And so speaking, he seized his wig between his fingers and plucked it from his head. I was left thunderstruck, gazing at that bare, pallid scalp, the scalp of a flayed goat, while Cavalena, the tears starting to his eyes, went on:

“Tell me, can it help being obscene, the disgrace of a man reduced to this state, whose wife is still jealous?”

“But you are a Doctor! You know that it is a disease!” I made haste to remind him, greatly distressed, raising my hands as though to help him to replace the wig on his head.

He settled it in its place, and said:

“But it is precisely because I am a Doctor and know that it is a disease, Signor Gubbio! That is the disgrace! That I am a Doctor! If I could only not know that she did it from madness, I should turn her out of the house, don’t you see?
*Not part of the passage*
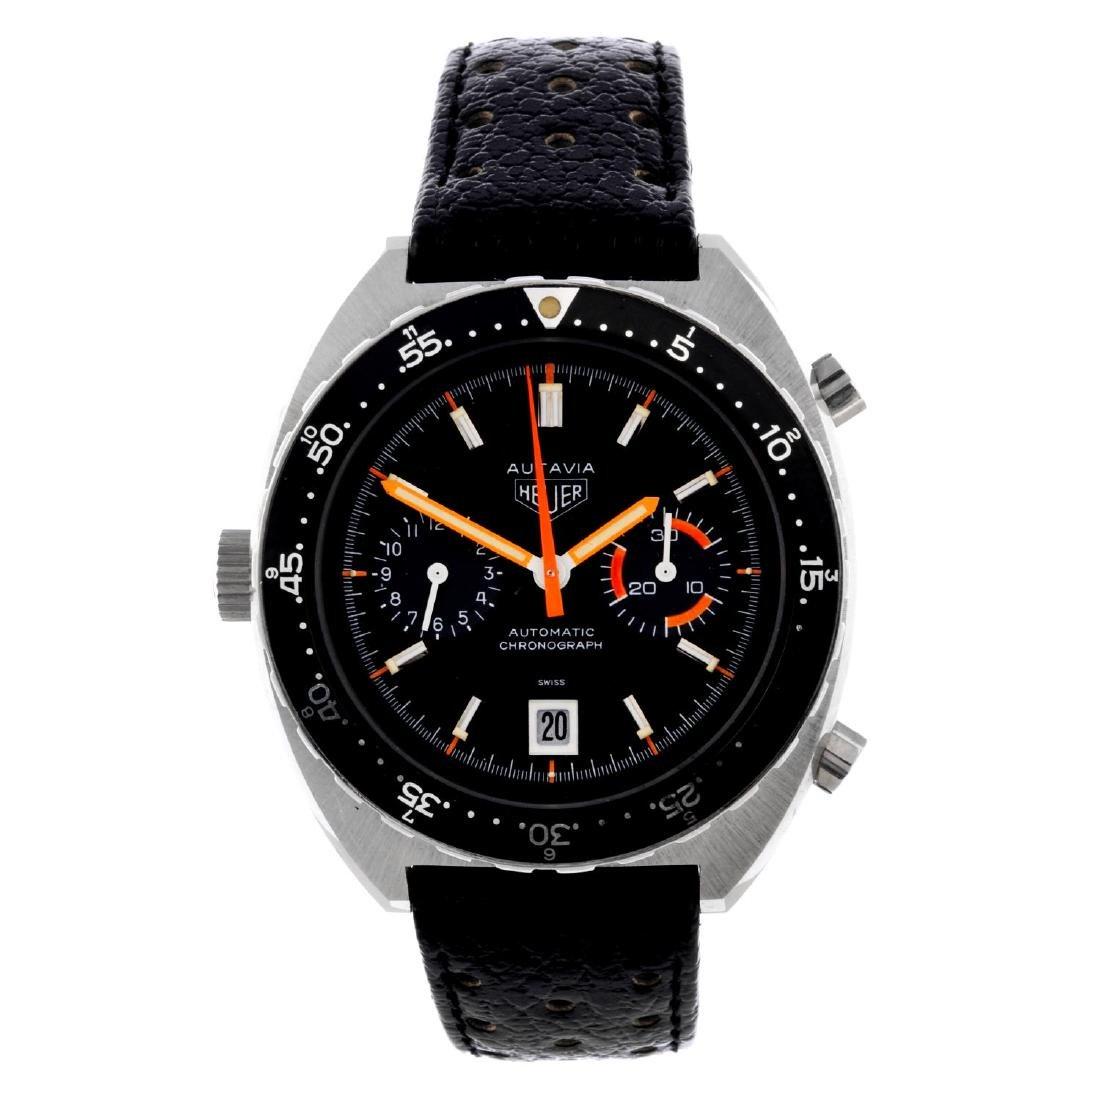 HEUER - a gentleman's Autavia chronograph wrist watch.

Procure a separation from her, defend my own dignity at all costs. But I am a Doctor! I know that she is mad! And I know therefore that it is my duty to have sense for two, for myself and for her who has lost hers! But to have sense, for a madwoman, when her madness is so supremely ridiculous, Signor Gubbio, what does it mean? It means covering myself with ridicule, of course! It means resigning myself to endure the holocaust that madwoman makes of my dignity, before our daughter, before the servants, before everyone, in public; and so I lose all shame at my own disgrace!”

“Papa!”

Ah, this time, yes; it really was Signorina Luisetta calling.

Cavalena at once controlled himself, straightened his wig carefully, cleared his throat by way of changing his voice, and struck a sweet little playful, caressing note in which to answer:

“Here I am, Sesè.”

And he hurried out, making a sign to me, with his finger, to be silent.
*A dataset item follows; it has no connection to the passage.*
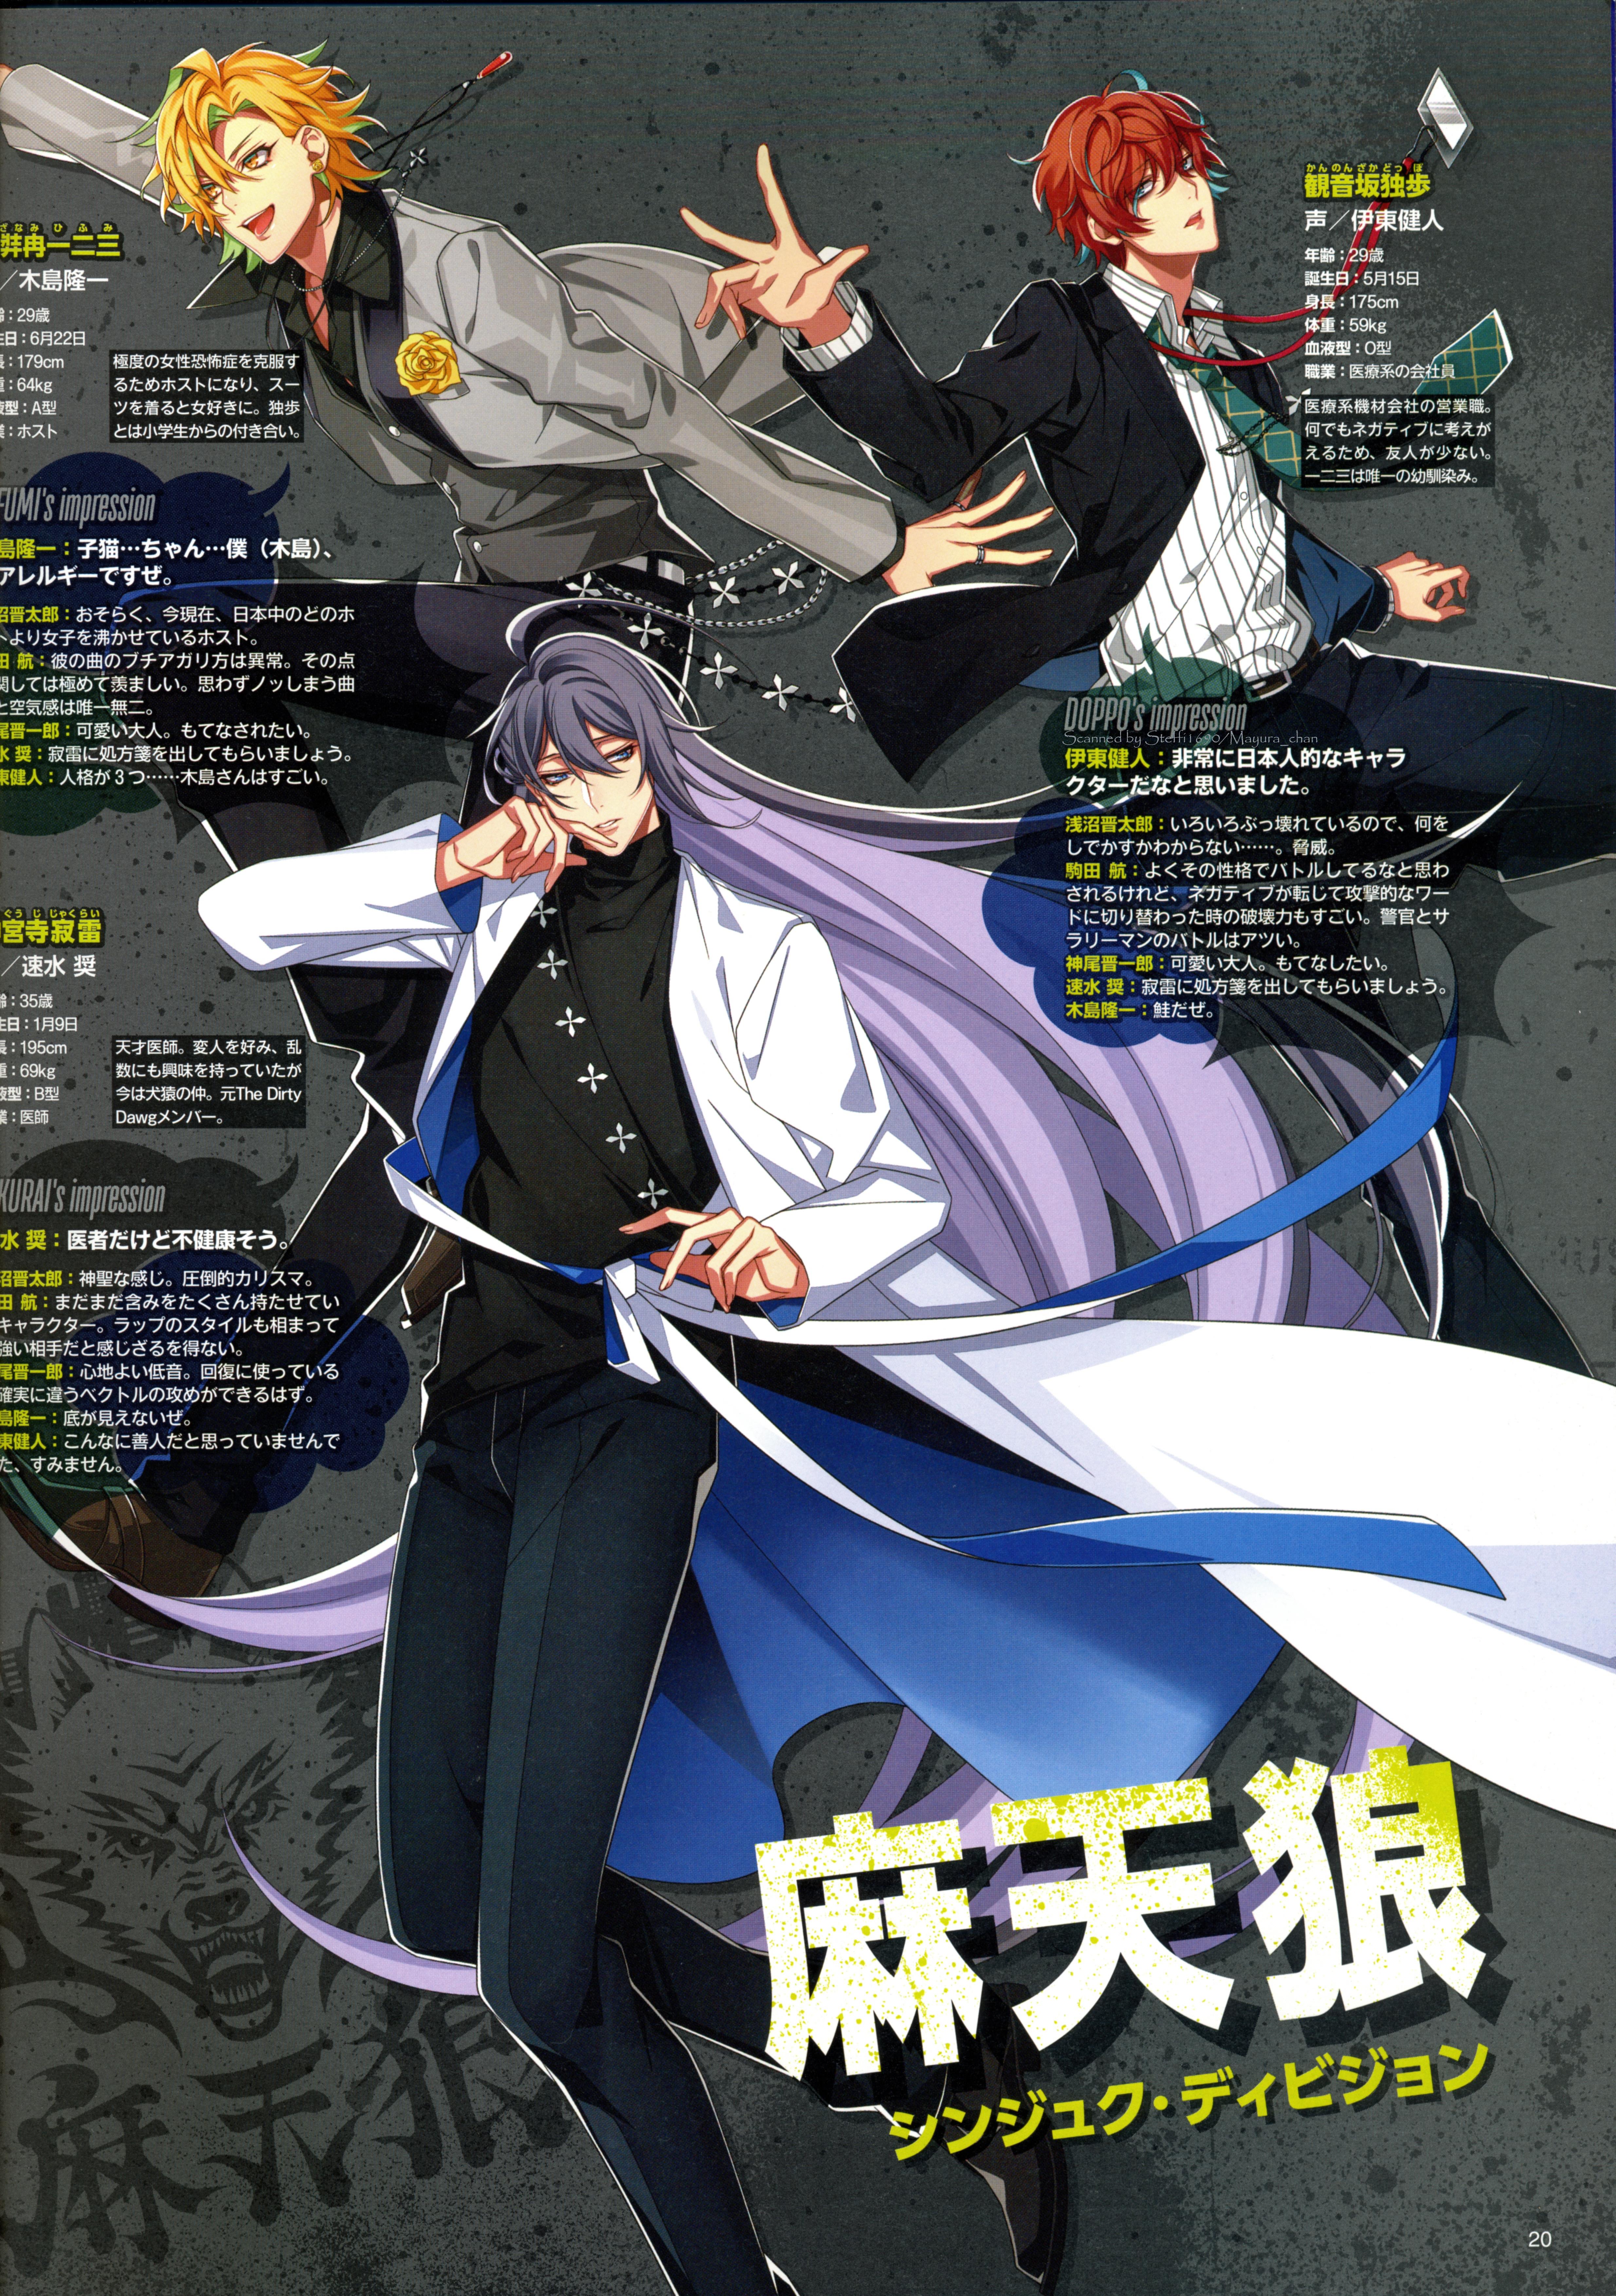 Matenrou - Hypnosis Mic -Division Rap Battle- - Mobile

I too, shortly afterwards, left my room, to pay Nuti a visit. I listened for a moment outside the door of his room. Silence. Perhaps he was asleep. I stood there for a while in perplexity, then looked at my watch: it was already time for me to be going to the Kosmograph; only I did not wish to leave him, particularly as Polacco had expressly enjoined me to bring him with me. All of a sudden, I thought I heard what sounded like a deep sigh, a sigh of anguish. I knocked at the door. Nuti, from his bed, answered:

“Come in.”

I went in. The room was in darkness. I went up to the bed. Nuti said:

“I think… I think I have a temperature. …”
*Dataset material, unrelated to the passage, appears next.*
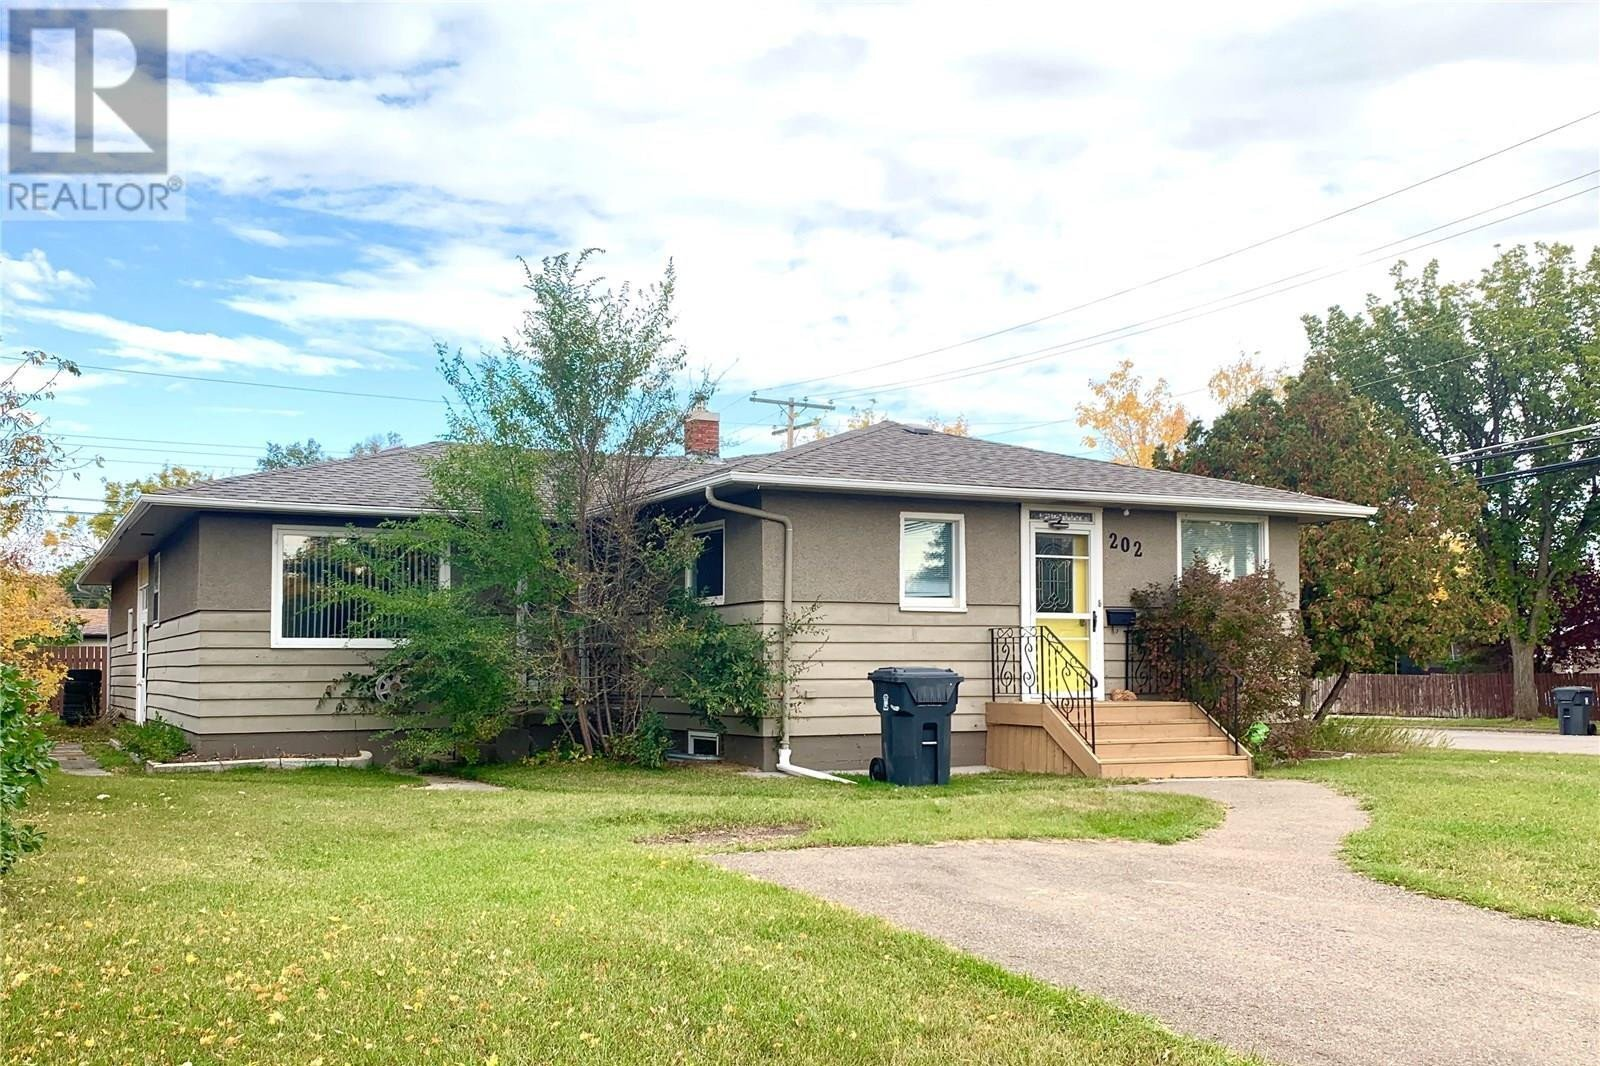 House for sale at 202 26th St Battleford Saskatchewan - MLS: SK819249

I leaned over him; I felt one of his hands. It was trembling.

“Why, yes!” I exclaimed. “You have a temperature, and a high one. Wait a minute. I am going to call Signor Cavalena. Our landlord is a Doctor,”

“No, don’t bother… it will pass off!” he said. “I have been working too hard.”

“Quite so,” I replied. “But why won’t you let me call in Cavalena? It will pass away all the sooner. Do you mind if I open the shutters a little?”

I looked at him by daylight; his appearance terrified me. His face was a brick red, hard, grim, rigid; the whites of his eyes, bloodshot overnight, were now almost black between their horribly swollen lids; his straggling moustache was glued to his parched, tumid, gaping lips.

“You must be feeling really bad.”

“Yes, I do feel bad…” he said. “My head.”

And he drew a hand from beneath the blankets to lay it with his fist clenched on his forehead.

I went to call Cavalena who was still talking to his daughter at the end of the passage. Signorina Luisetta, seeing me approach, stared at me with an icy frown.

She evidently supposed that her father had already found an outlet in me. Alas, I find myself unjustly condemned to atone thus for the excessive confidence which her father places in me.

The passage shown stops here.